Panjtarani is a valley lush green, fed by the river. Choppers that we saw from Pahelgam were landing here. The pilgrims were taking ponies from here to reach the Holy Cave (13500 ft), 10 Km away. We lost no time here, since rain had delayed our schedule. We headed for Sangam (11808 ft) and crossed the Amravati River below the cave and booked our next tent for the night. After a brief rest we headed for the Darshan. The steps of the cave were cold and they pinched our naked feet. We were relieved of our mobiles and cameras by the CRPF below, for security reasons. As we entered the cave, to our right we saw iron railings. We climbed further and again to right hand corner we saw the Shivling.
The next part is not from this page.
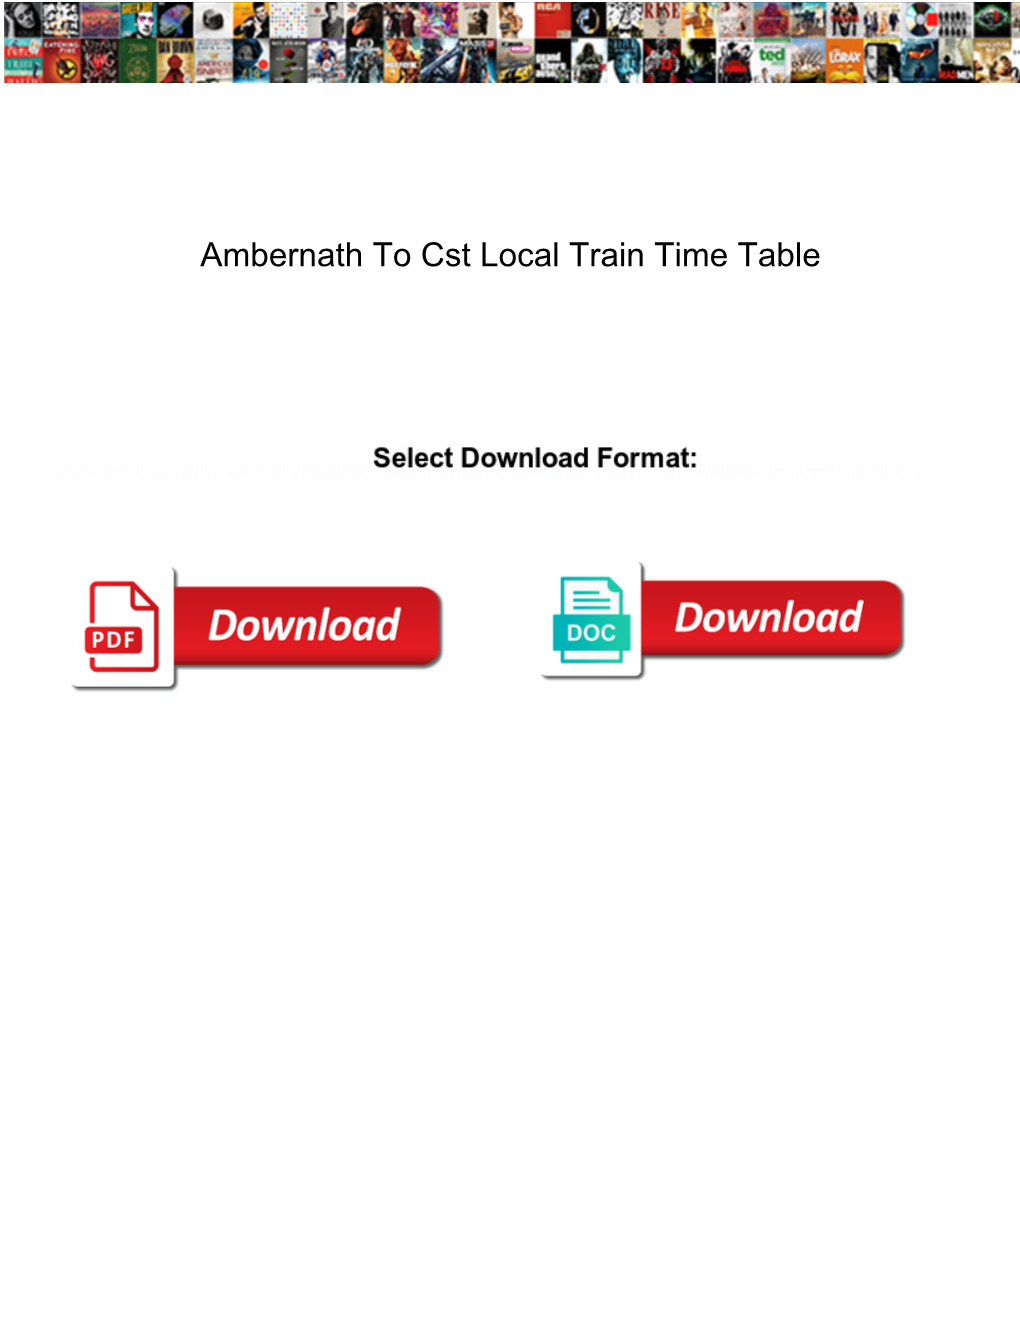 Ambernath to Cst Local Train Time Table

On the way to the holy cave 

“Jay Bholey!, Jay Amarnathji ki Jay!” were chanted everywhere. The end of arduous journey to the cave was no more arduous. The pains vanished. The inner self seemed connected to the holy ambience.  This is the place where Swami Vivekananda and Sister Nivedita visited. This is where Swamiji got the sight of Lord Amarnath while he was sitting outside of the cave after taking a bath in the Amravati and paying homage to Lord Shiva. Sister Nivedita was right in a book-Notes of some wanderings with the Swami Vivekananda- where she wrote that the beauty of the route was comparable to that of Switzerland and Norway.
“Kabutar Dekha” asked a Sadhu. I heard that when Lord Shiva was telling a story of immortality to Goddess Parvati, two pigeons listened from their chubby hole. Locals say these pigeons still visit the cave shrine.
Next day we came down from the Baltal route crossing a glacier at Barari. The route was stiff and utmost caution was needed for the decent. All along, we saw choppers giving sorties from Panjtarani to Baltal, from where one can take a car back to Srinagar or Jammu.
When we came down to Baltal the pristine valley welcomed us with the greens. Our car came down to the national highway leaving the mountains where Lord Amarnath will remain for the rest of the year without a soul around.